• Data for review:
+===+

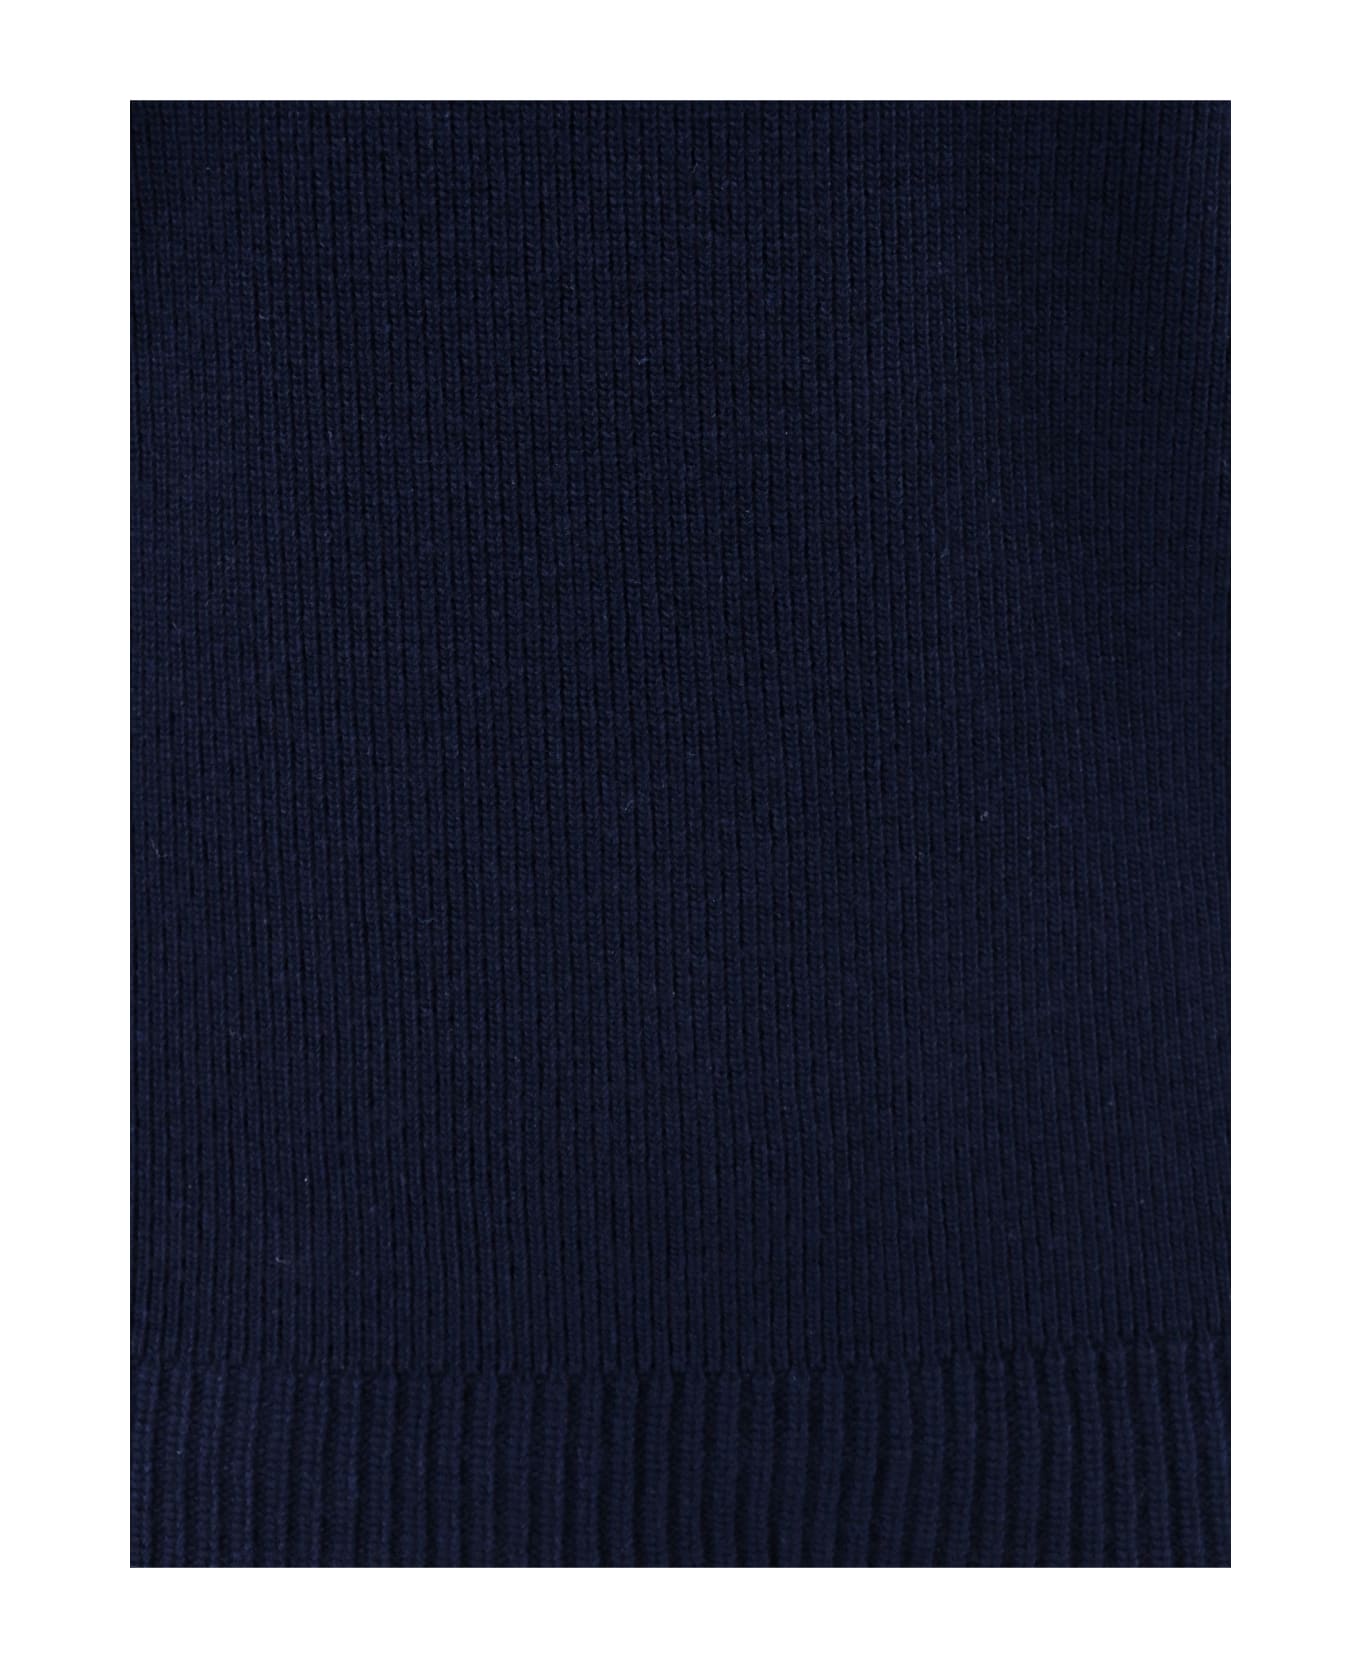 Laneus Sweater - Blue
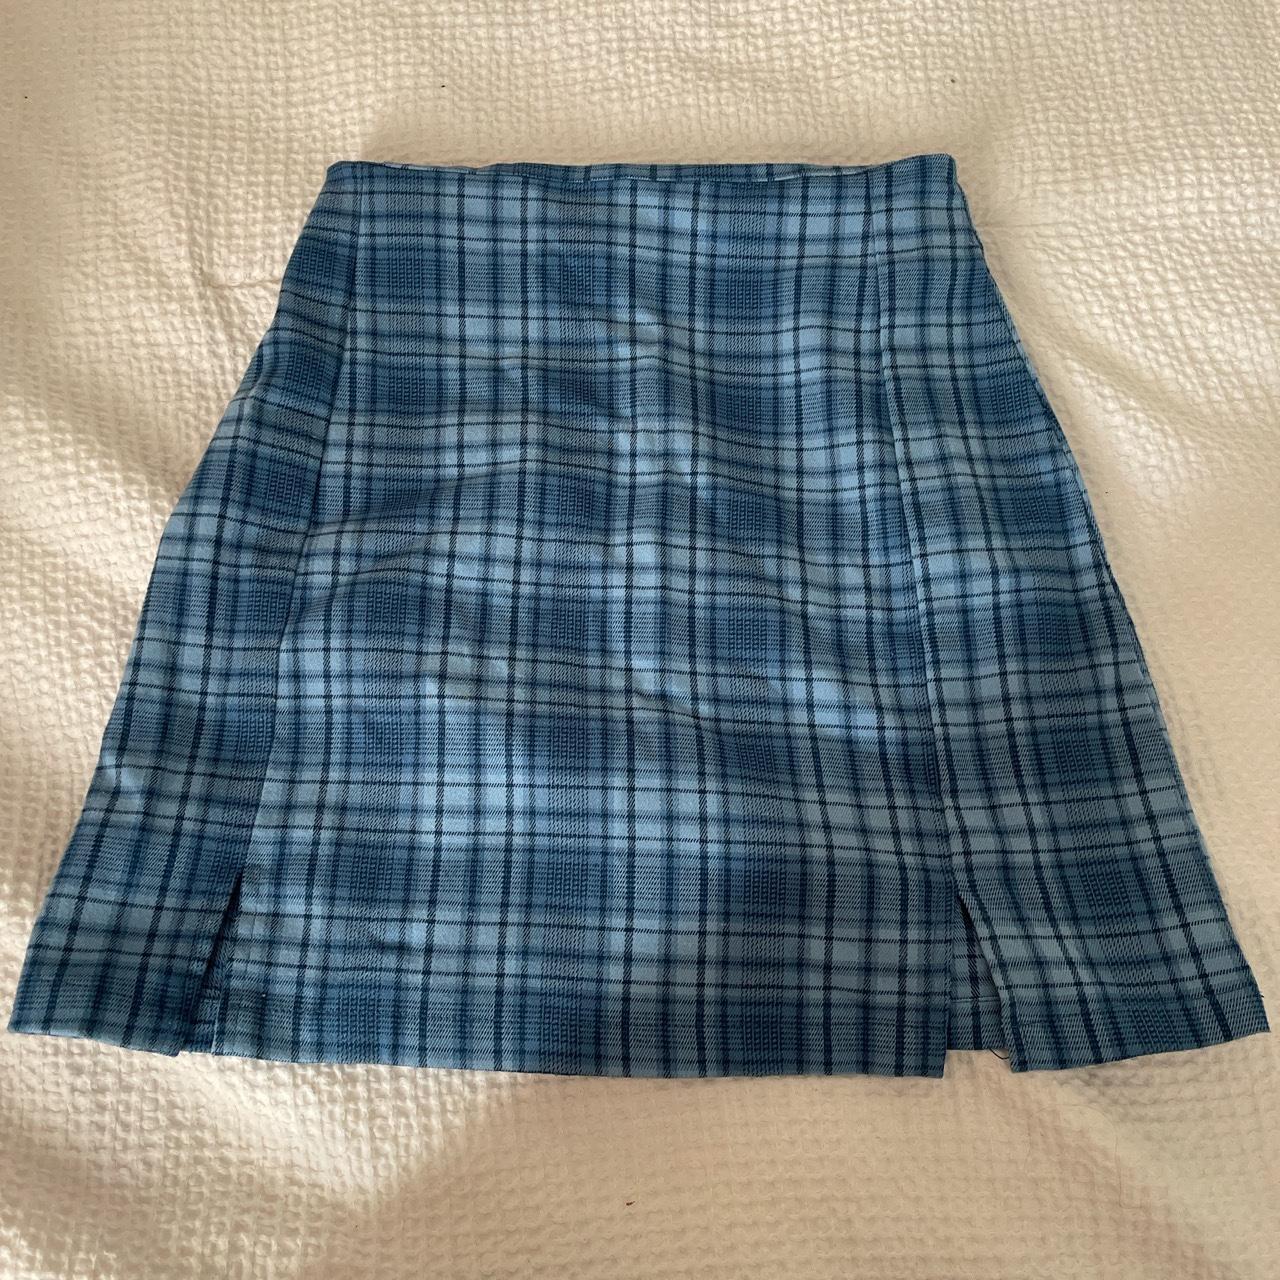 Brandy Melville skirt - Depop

+===+

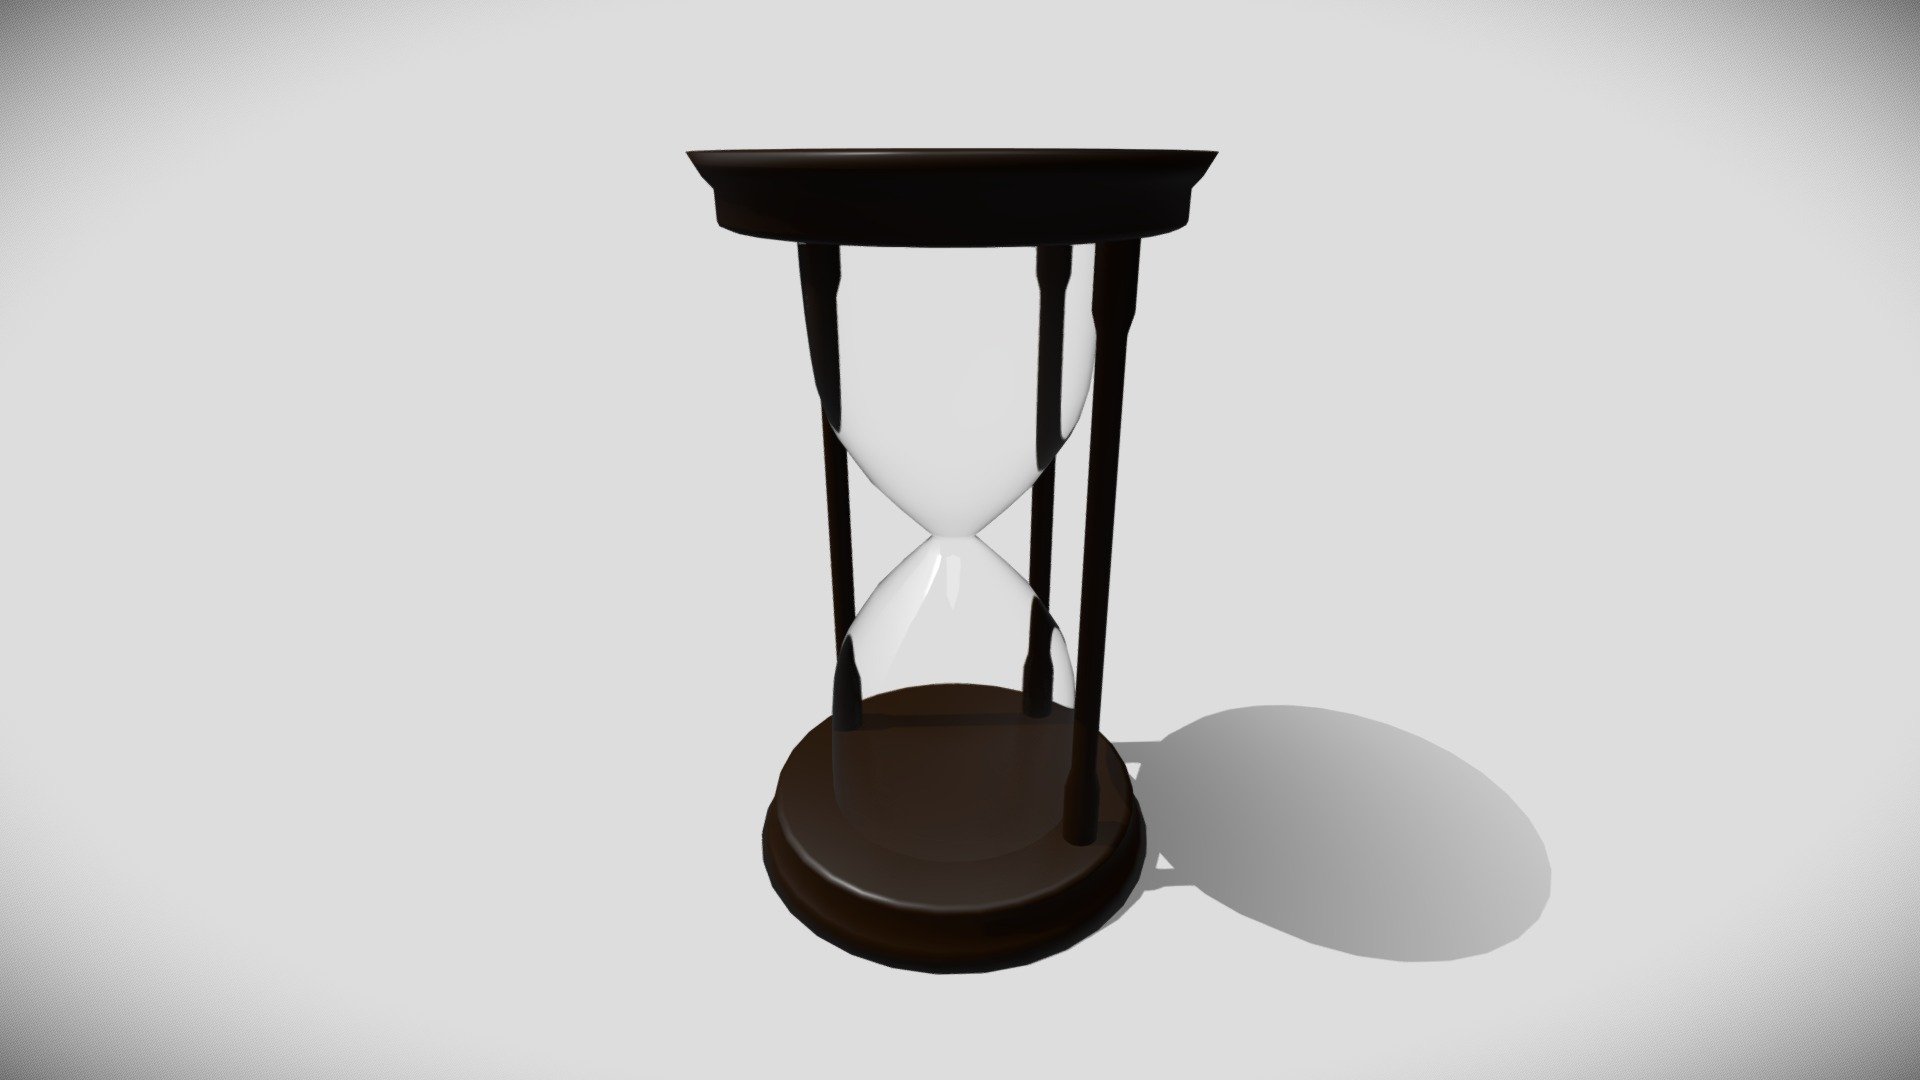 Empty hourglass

+===+

• Your instructions: From the records above, quote word for word only the lines beginning at the line that has "Laneus Sweater - Blue" and stopping after the line that has "Brandy Melville skirt - Depop". Omit the pictures.

• Solution to this exercise:
 Laneus Sweater - Blue
 Brandy Melville skirt - Depop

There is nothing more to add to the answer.